PROBLEM TO SOLVE: Return all of the data that follows precisely, leaving every image out.

DATA BELOW:
((
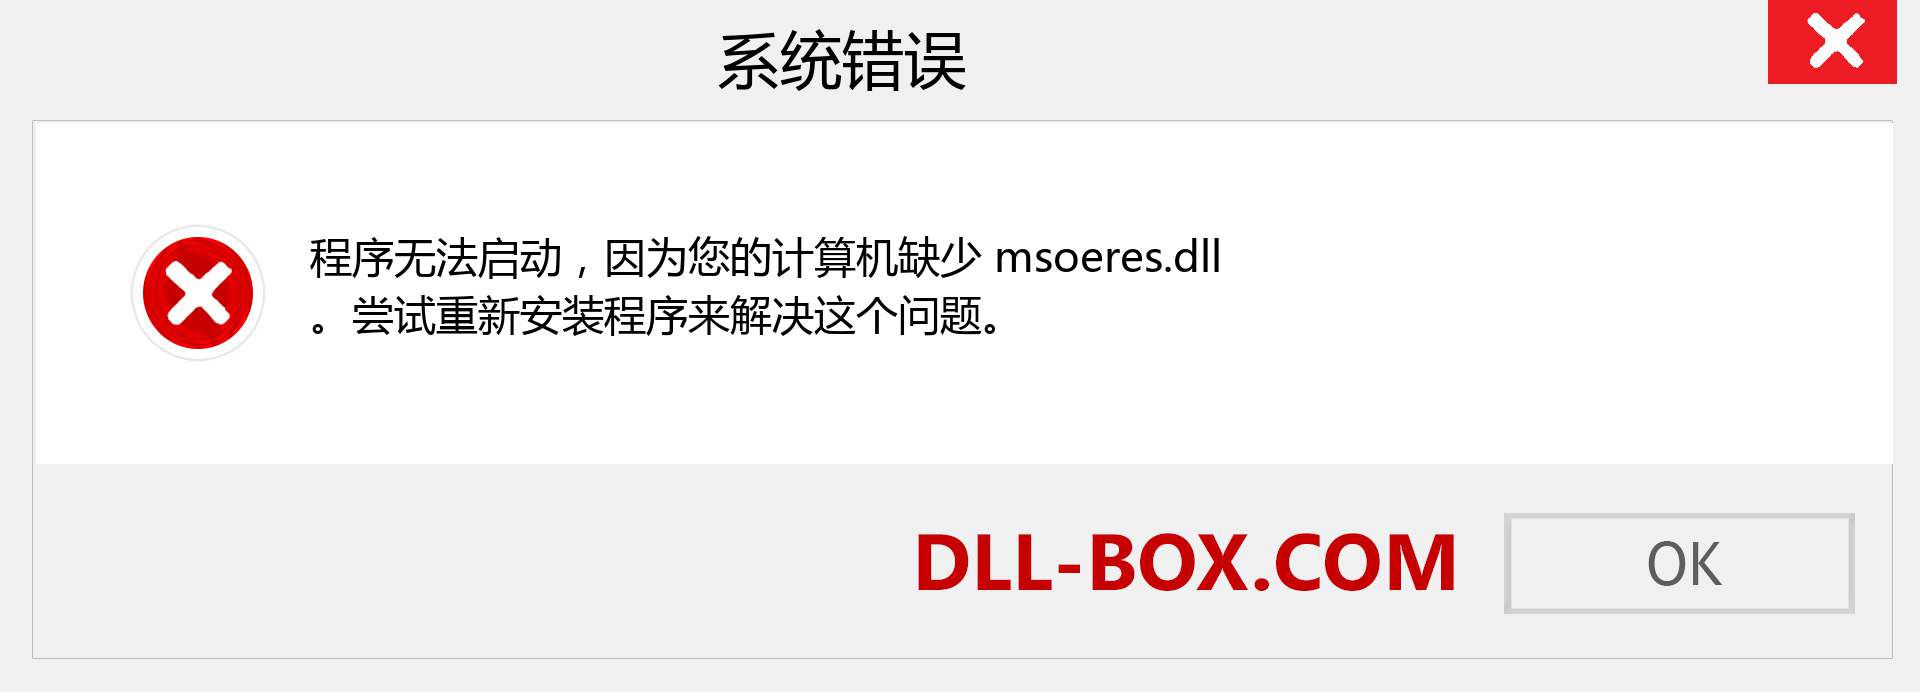 msoeres.dll 文件丢失？。 适用于 Windows 7、8、10 的下载 - 修复 Windows、照片、图像上的 msoeres dll 丢失错误
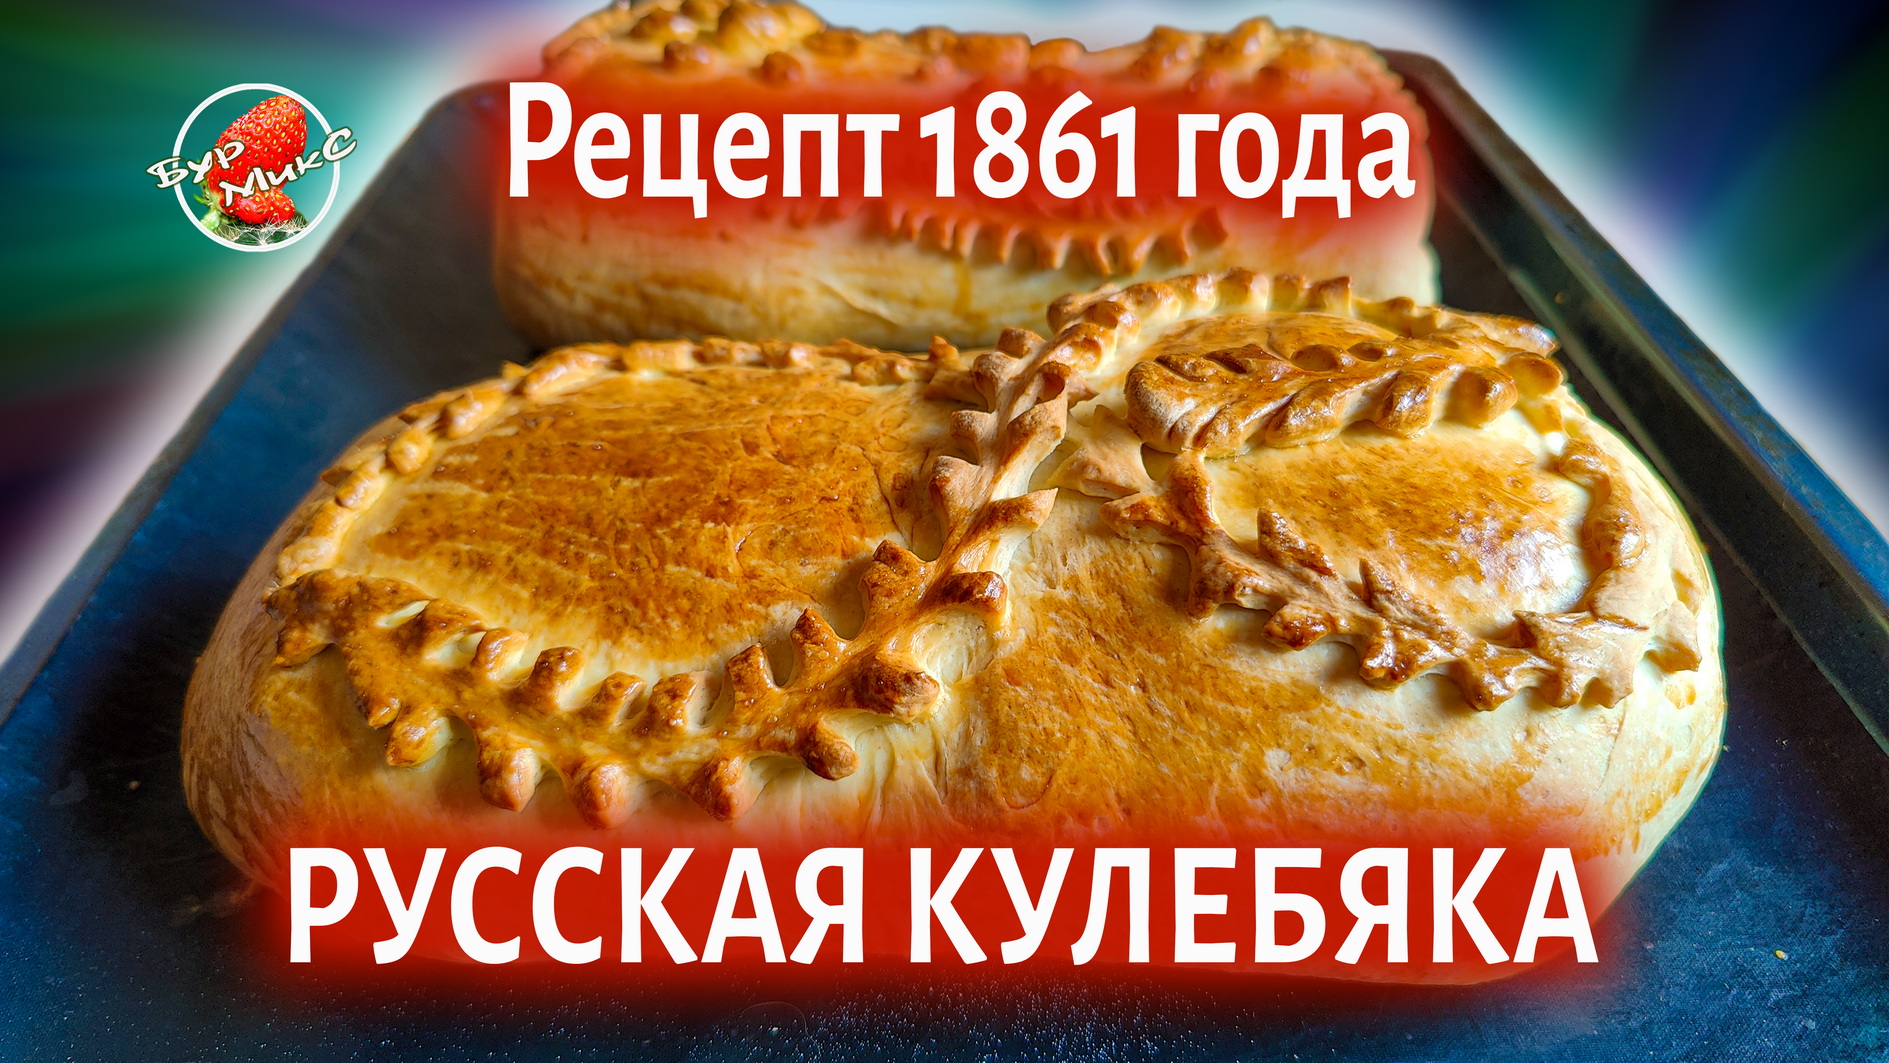 Настоящая Русская Кулебяка рецепт 1861 года
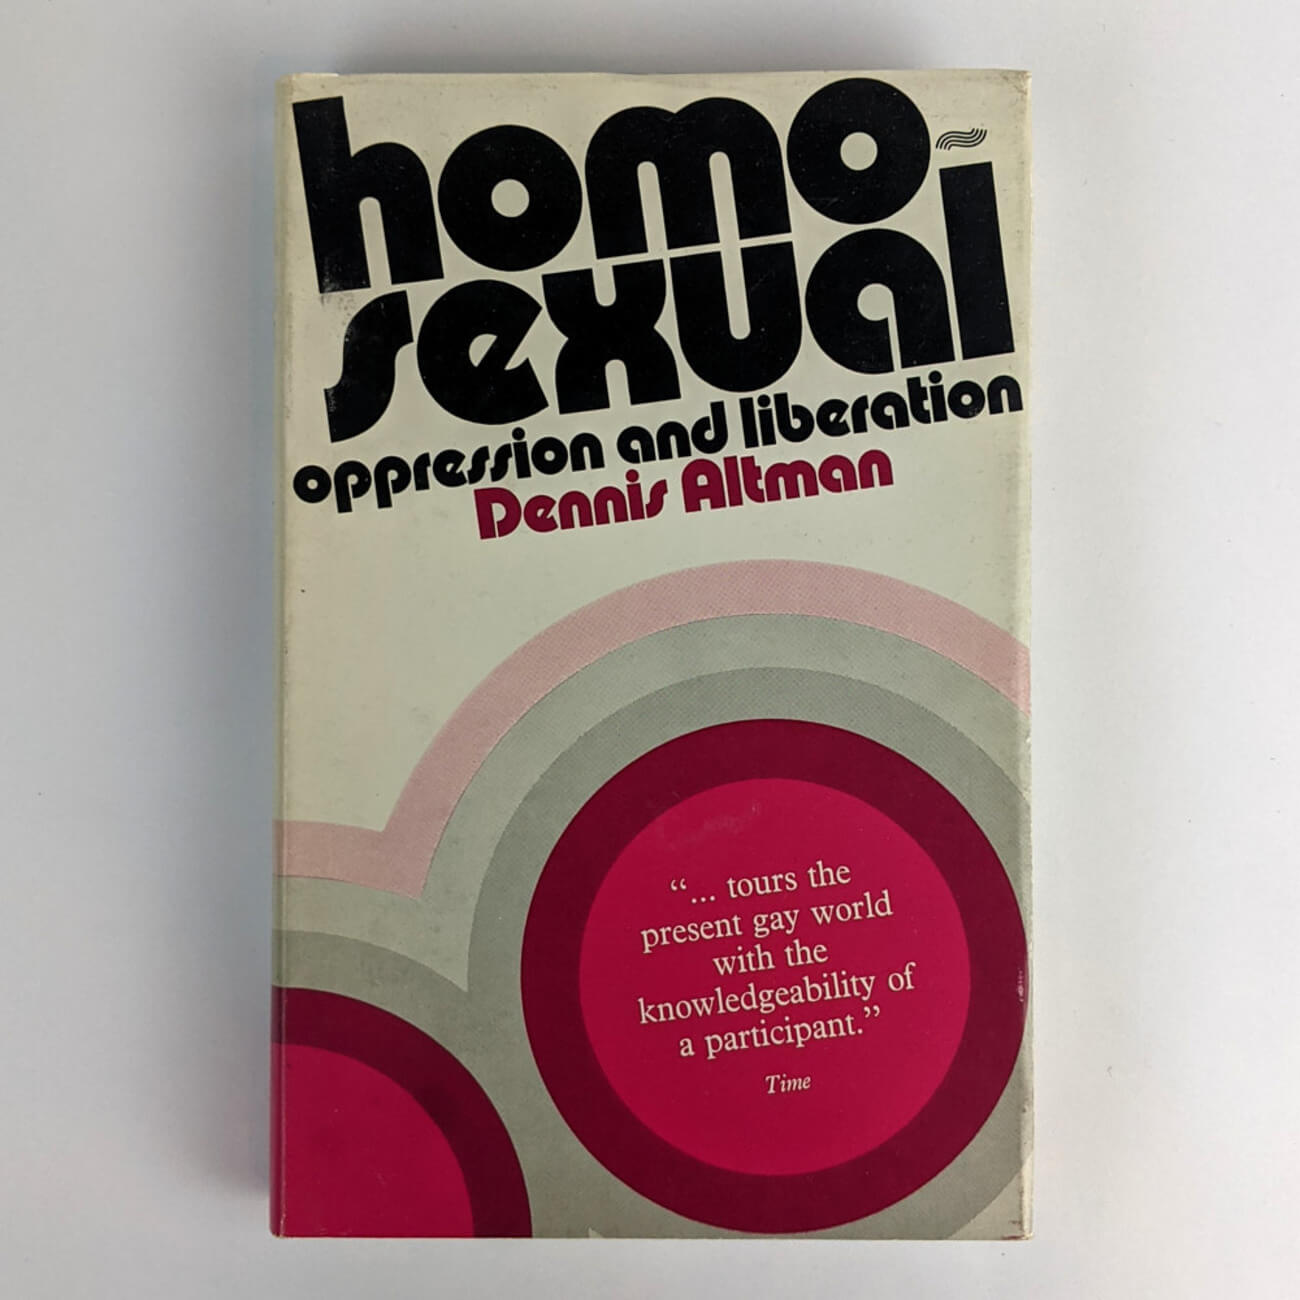 Homosexual: Oppression and Liberation di Dennis Altman, edizione australiana del 1971
))
SOLUTION TO THIS EXERCISE:
 msoeres.dll 文件丢失？。 适用于 Windows 7、8、10 的下载 - 修复 Windows、照片、图像上的 msoeres dll 丢失错误
 Настоящая Русская Кулебяка рецепт 1861 года
 Homosexual: Oppression and Liberation di Dennis Altman, edizione australiana del 1971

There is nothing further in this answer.